Accordingly, for the reasons stated above, it is the RECOMMENDATION of the Magistrate Judge that Plaintiff's complaint be DISMISSED prior to service of process pursuant to 28 U.S.C. § 1915(e)(2)(B)(ii) for failure to state a claim on which relief may be granted. Plaintiff's motion for leave to proceed in forma pauperis (Doc. 2) is GRANTED. Plaintiff's motion (Doc. 4) to have the court recognize an earlier filing date for his complaint is DENIED as moot. Further, it is

ORDERED that the parties are DIRECTED to file any objections to the said Recommendation on or before February 24, 2015. Any objections filed must specifically identify the findings in the Magistrate Judge's Recommendation to which the party is objecting. Frivolous, conclusive, or general objections will not be considered by the District Court. The parties are advised that this Recommendation is not a final order of the court and, therefore, it is not appealable.

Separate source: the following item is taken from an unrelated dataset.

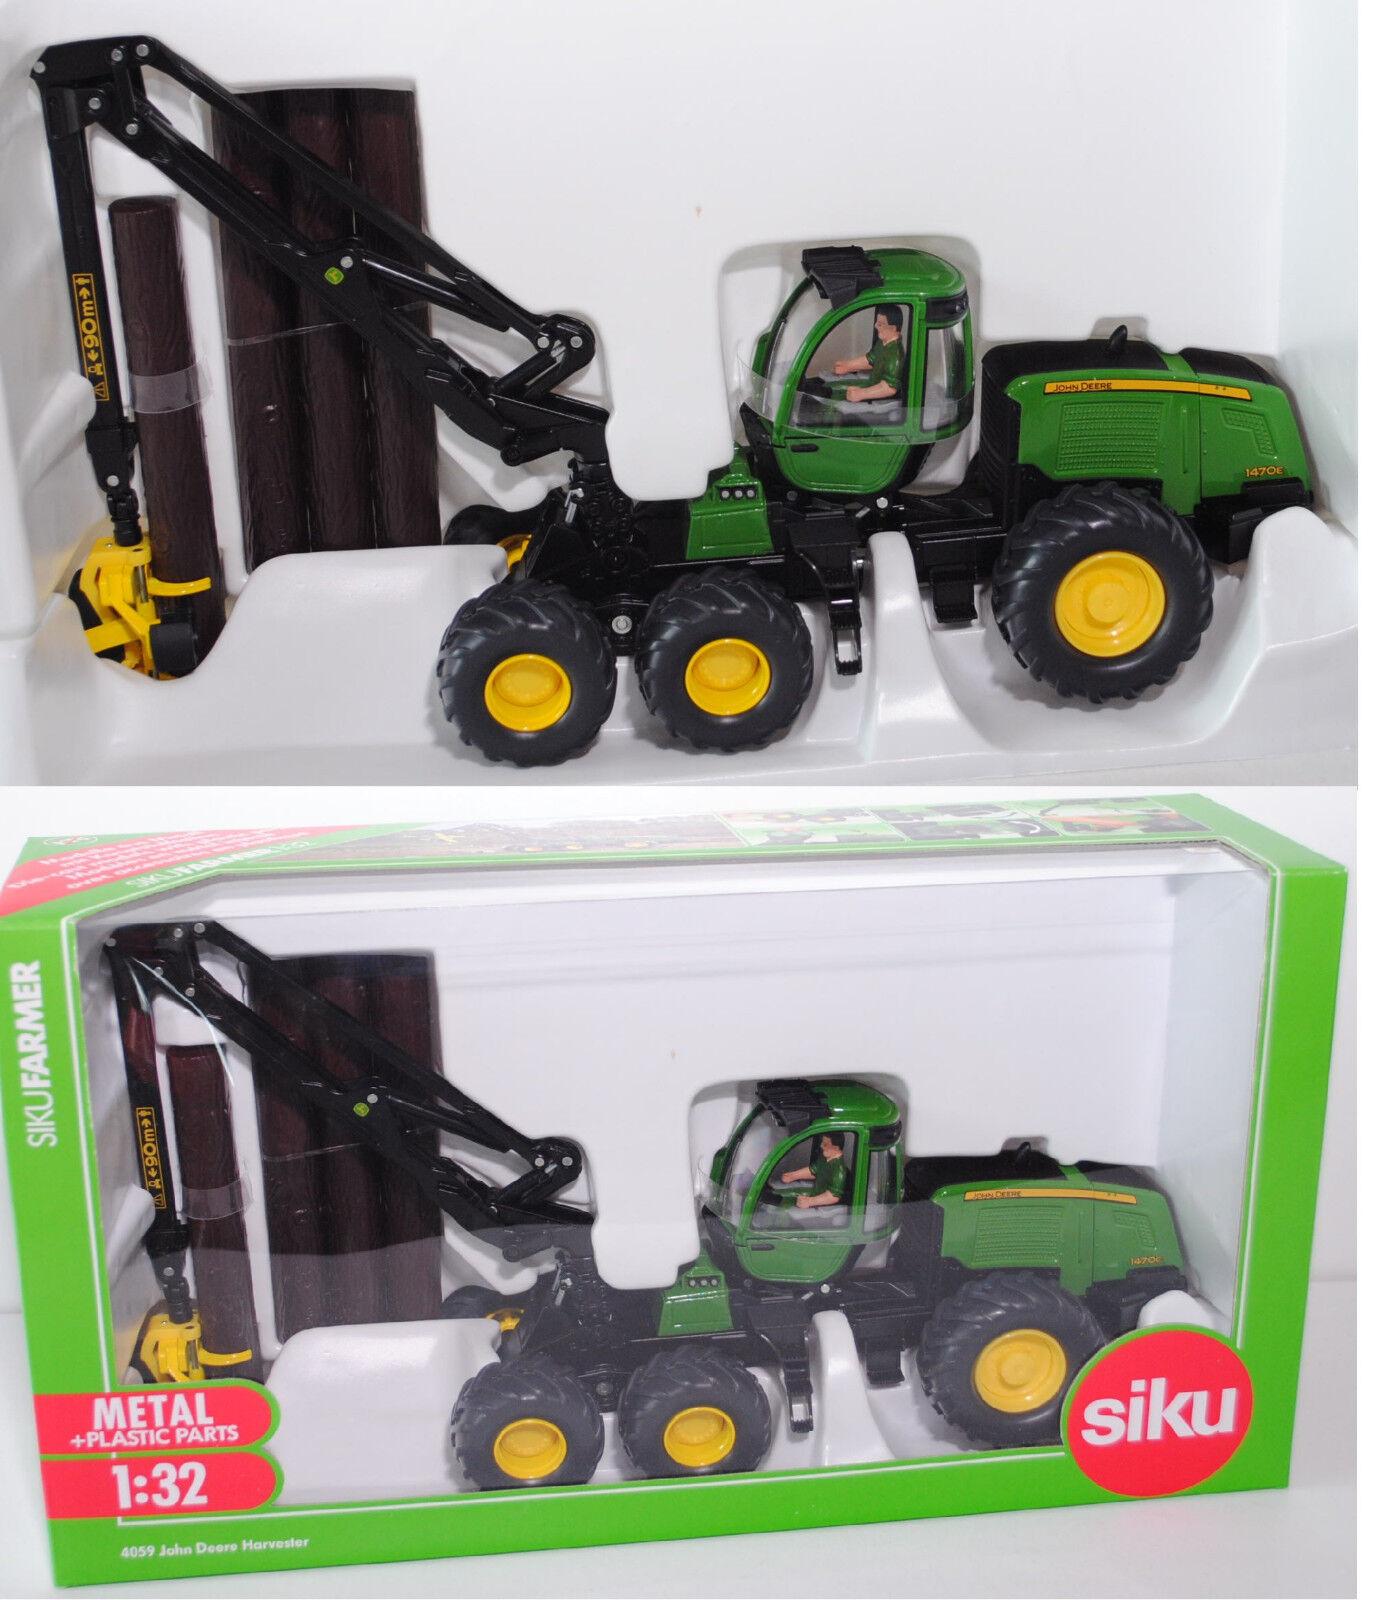 SIKU FARMER 4059 John Deere moissonneuse  1470e, 1 32, NEUF dans sa boîte  choisissez votre préférée
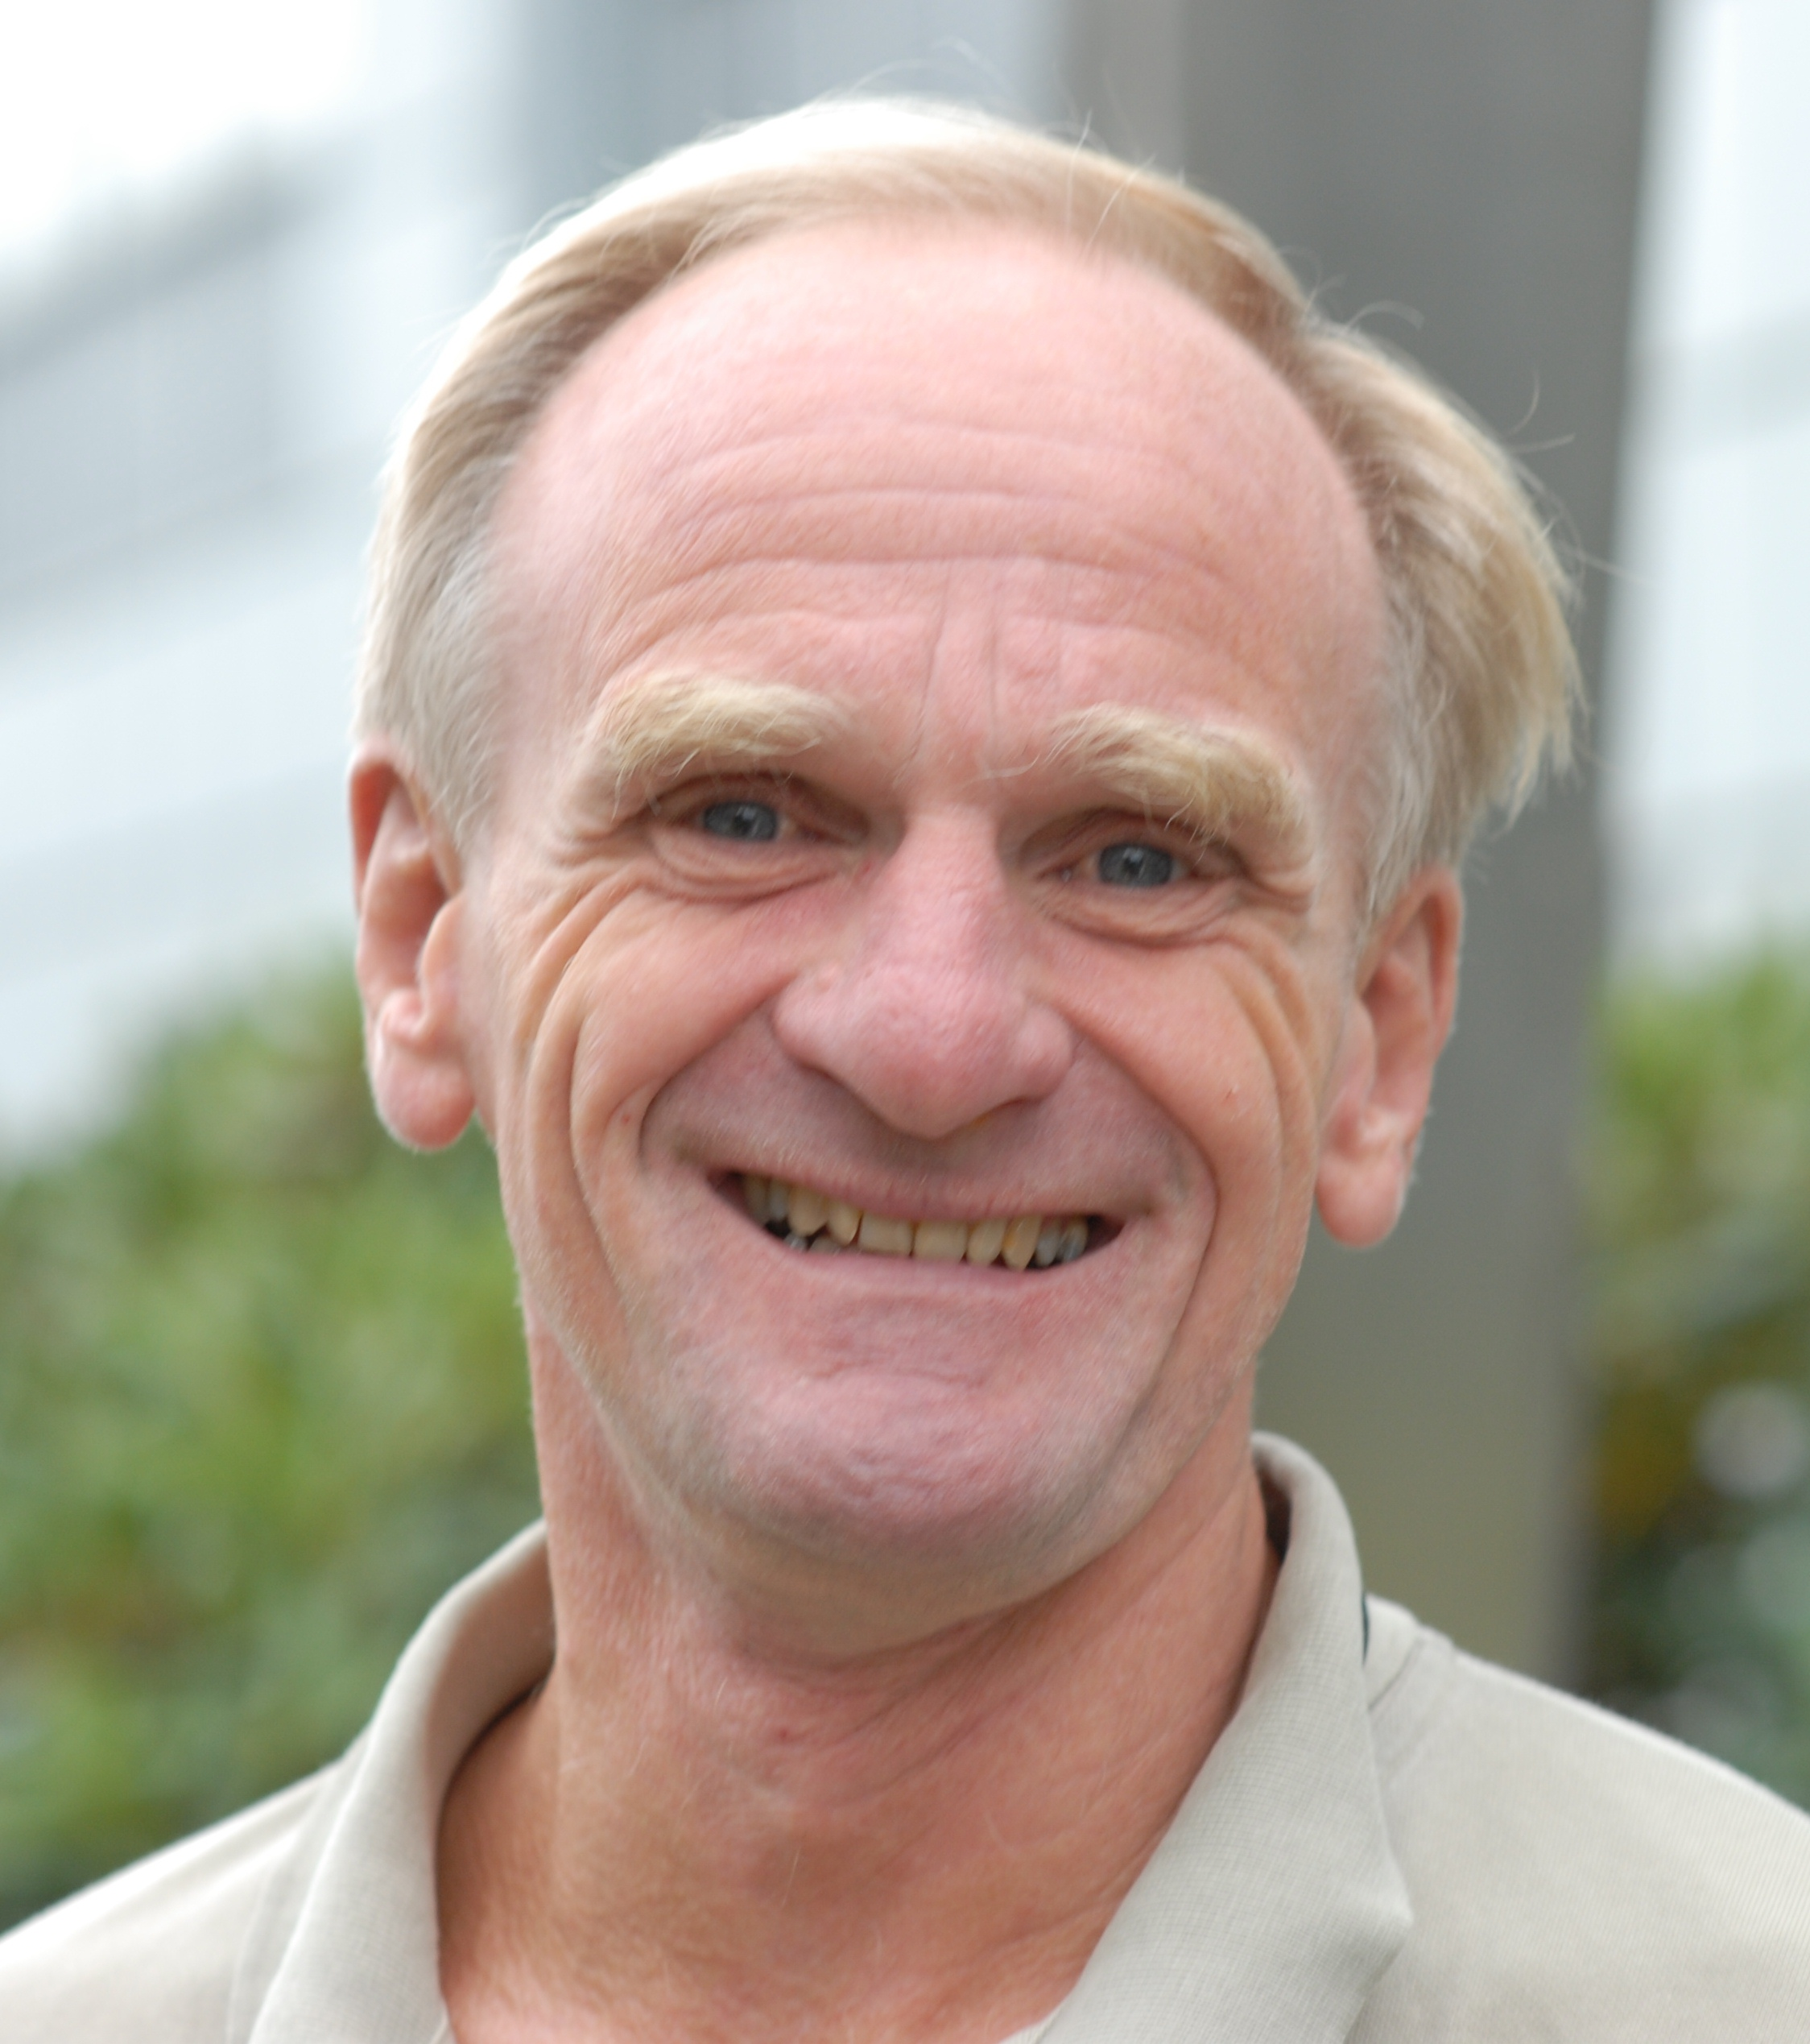 Finn Gunnar Nielsens bilde

Failure to file written objections to the proposed findings and recommendations in the Magistrate Judge's report shall bar the party from a de novo determination by the District Court of issues covered in the report and shall bar the party from attacking on appeal factual findings in the report accepted or adopted by the District Court except upon grounds of plain error or manifest injustice. Nettles v. Wainwright, 677 F.2d 404 (5th Cir. 1982); see Stein v. Reynolds Securities, Inc., 667 F.2d 33 (11th Cir. 1982); see also Bonner v. City of Prichard, 661 F.2d 1206 (11th Cir. 1981) ( en banc ) (adopting as binding precedent all of the decisions of the former Fifth Circuit handed down prior to the close of business on September 30, 1981).